◆ Data segment ◆
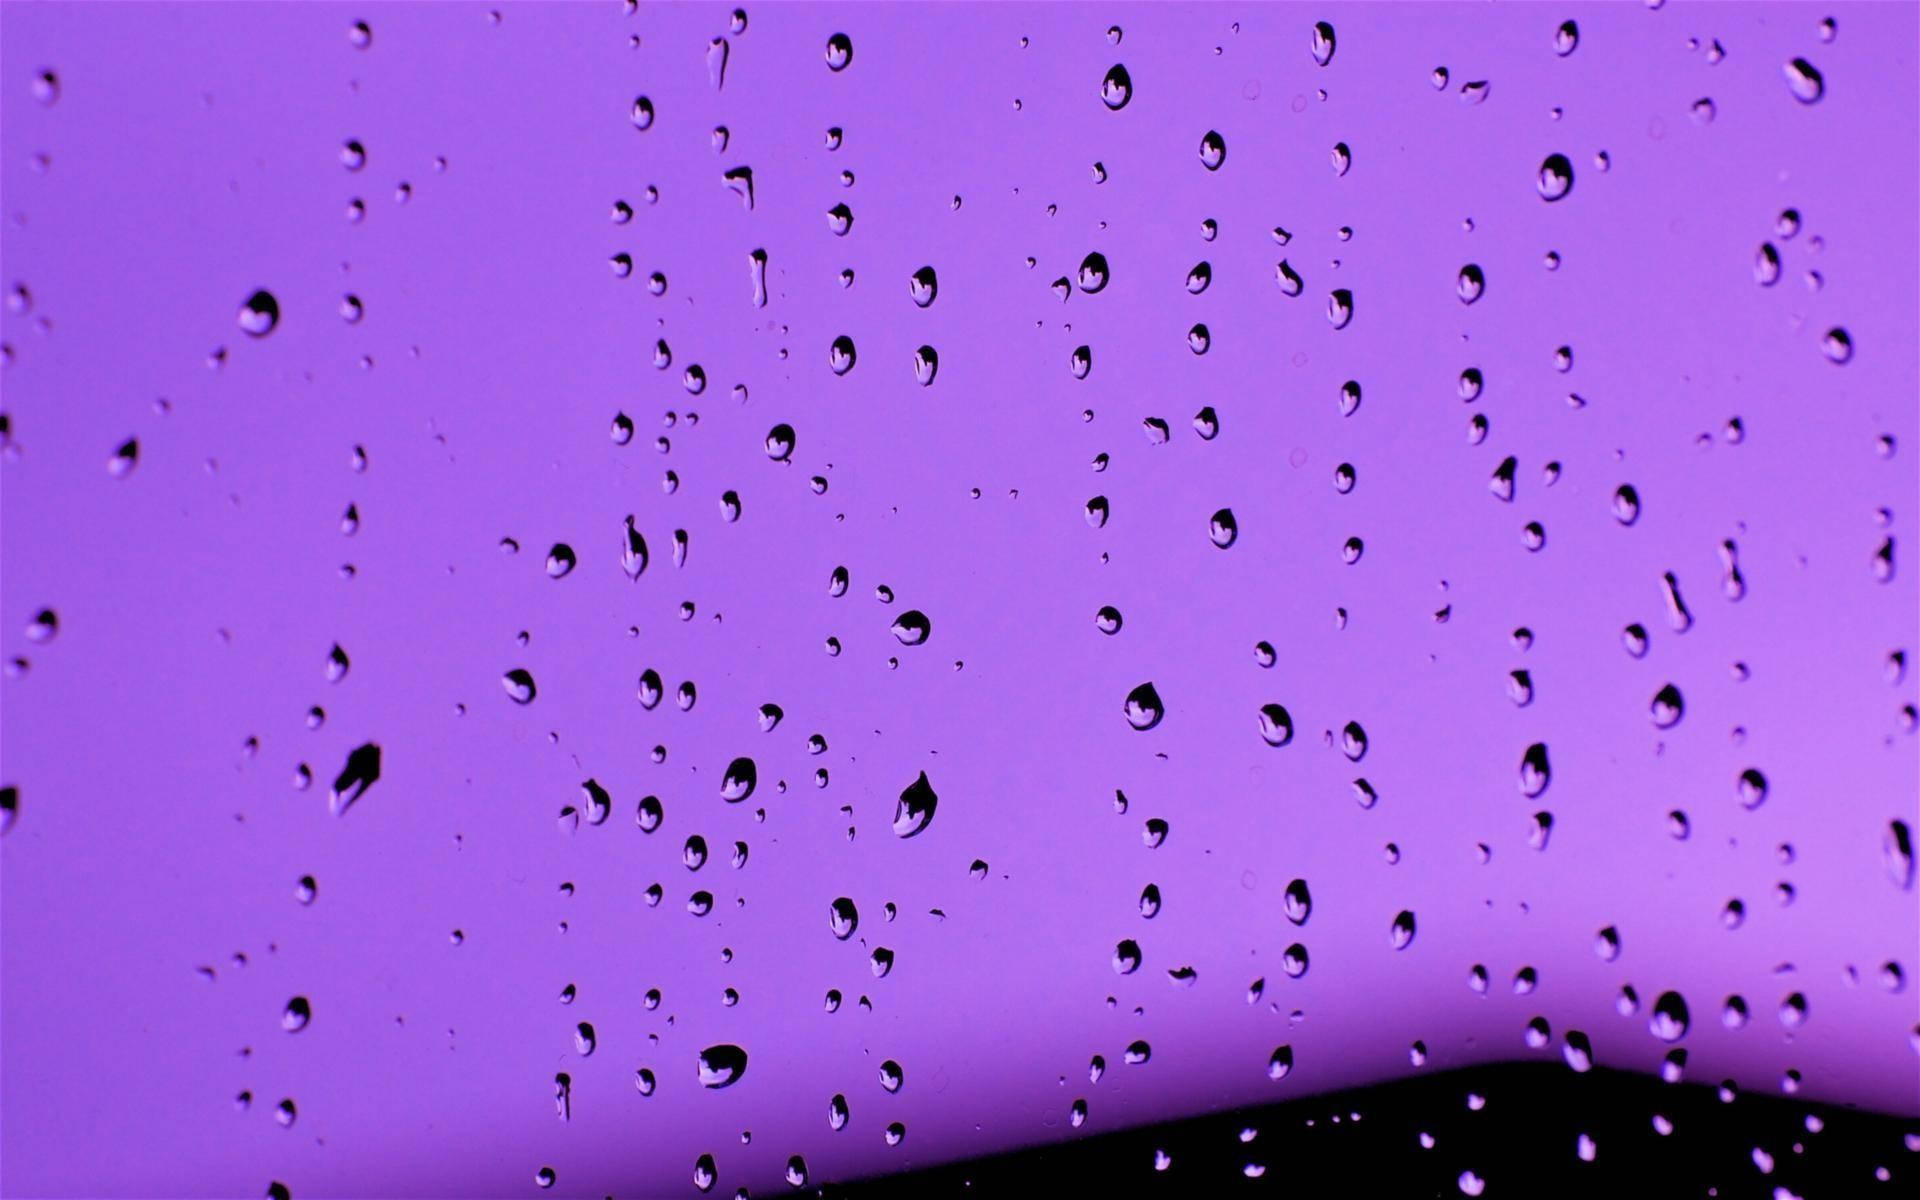 Droplets On Window With Light Purple Grading
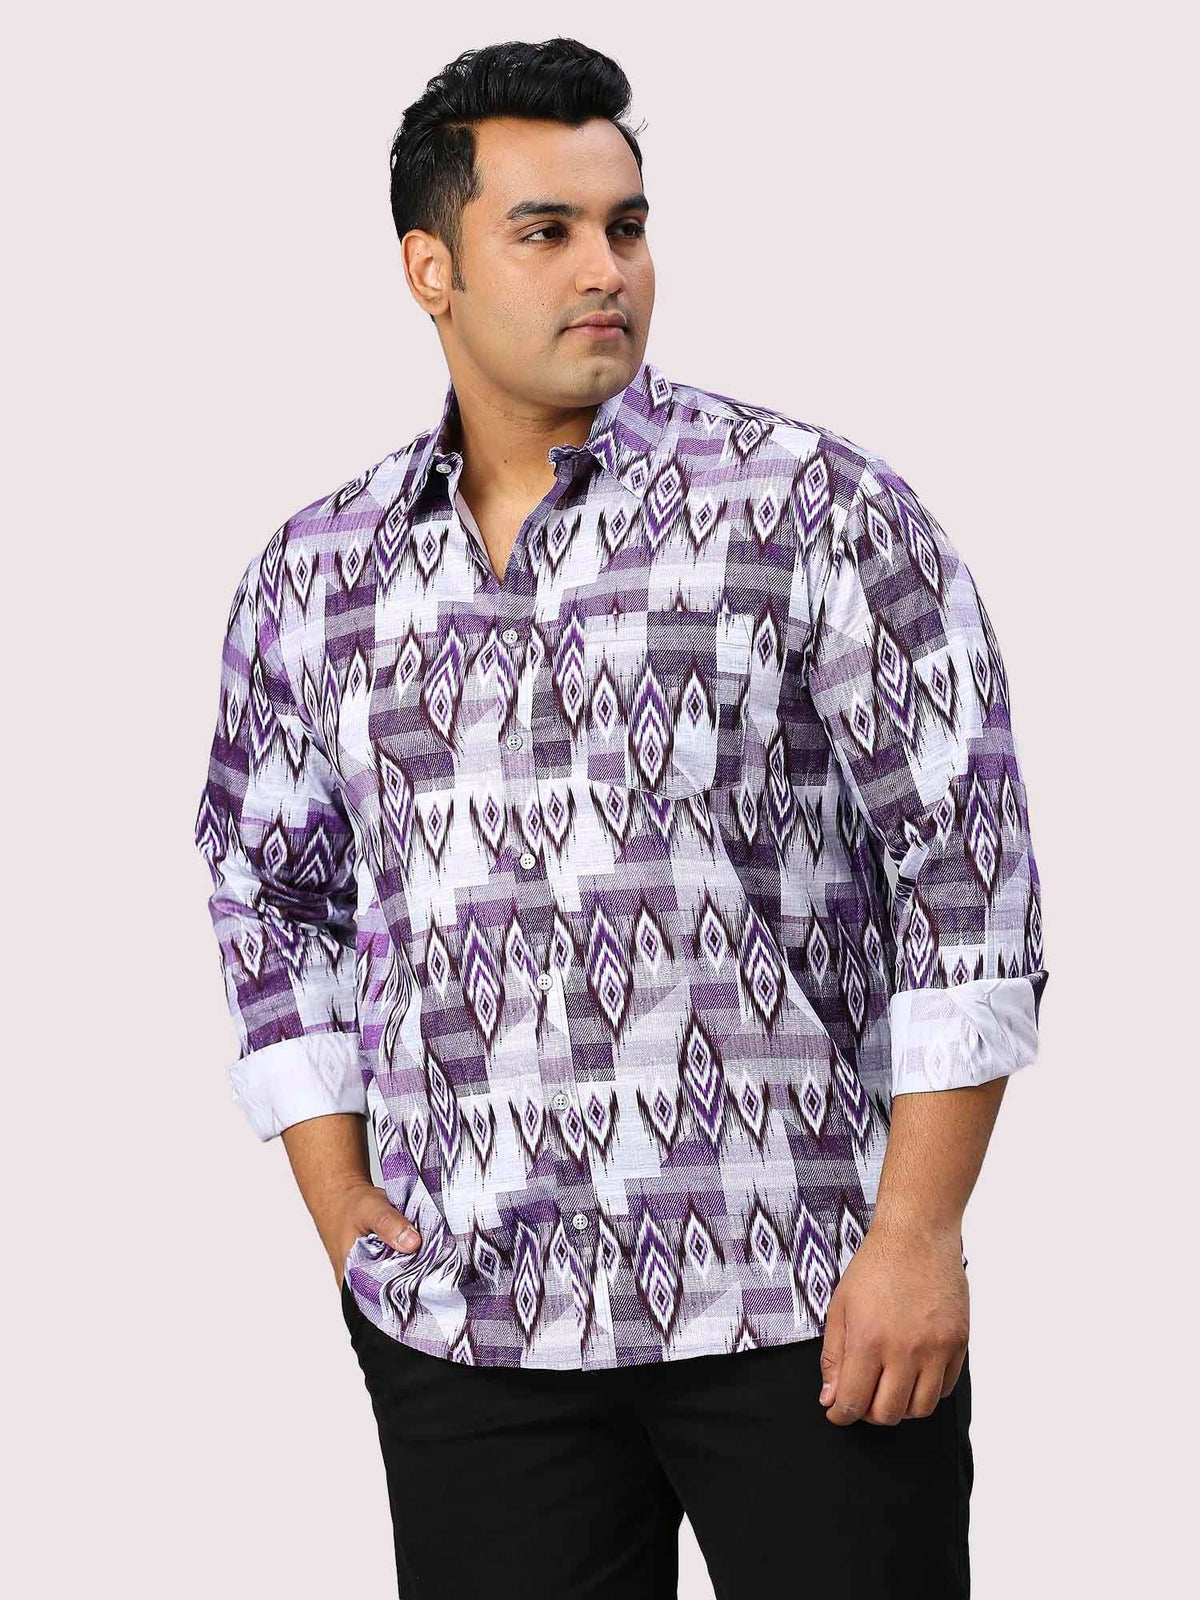 Grape Digital Printed Full Sleeve Shirt Men's Plus Size - Guniaa Fashions
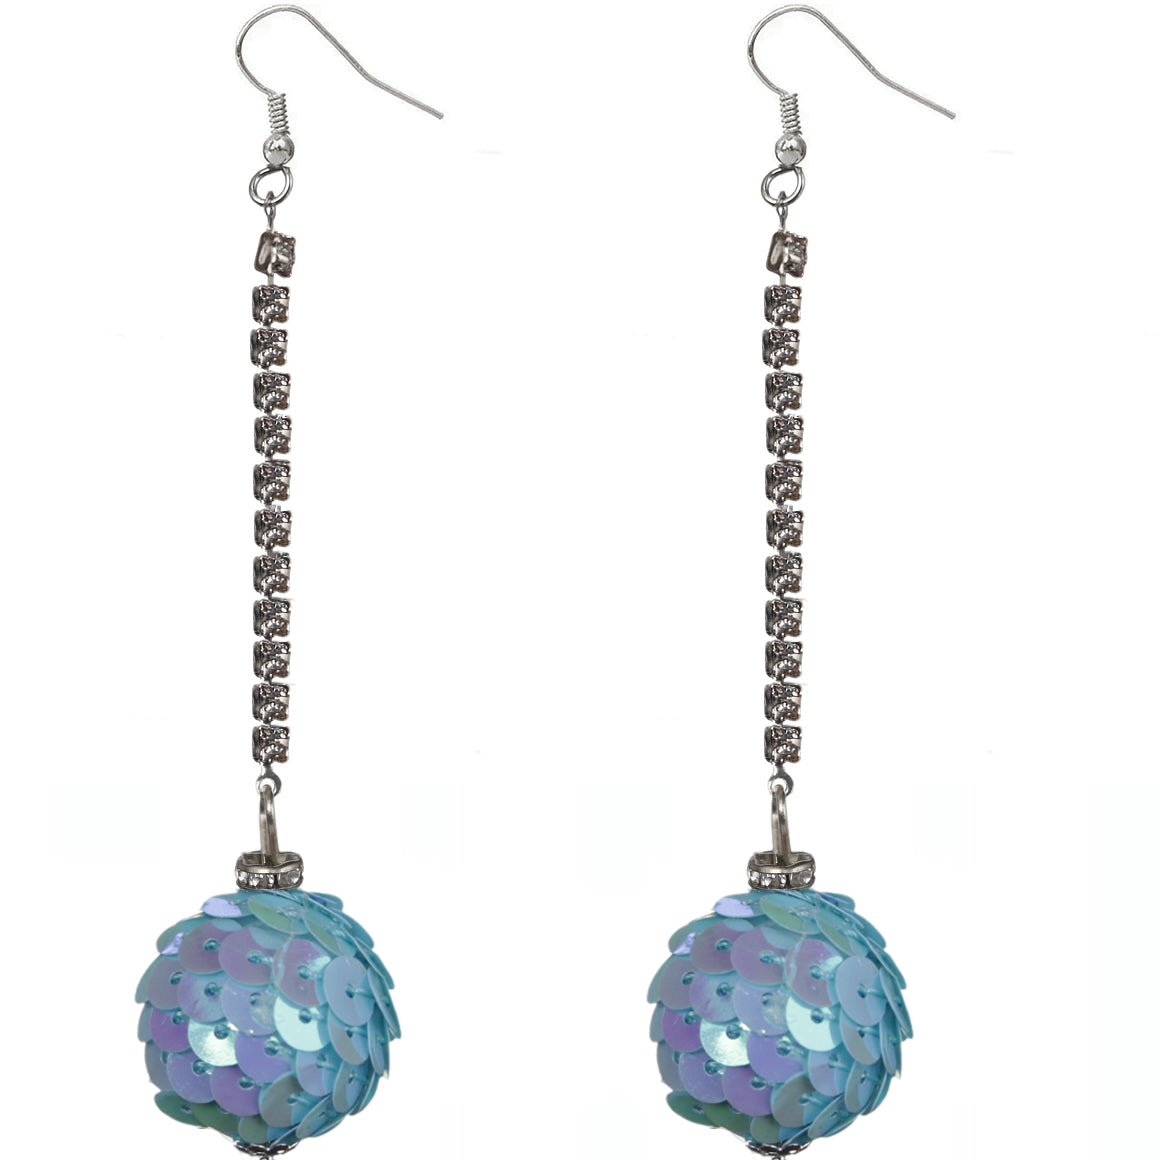 Blue Iridescent Confetti Ball Chain Earrings

◆ Activity ◆
Using the data above, print every line exactly, omitting pictures.

◆ Result of the exercise ◆
 Droplets On Window With Light Purple Grading
 Grape Digital Printed Full Sleeve Shirt Men's Plus Size - Guniaa Fashions
 Blue Iridescent Confetti Ball Chain Earrings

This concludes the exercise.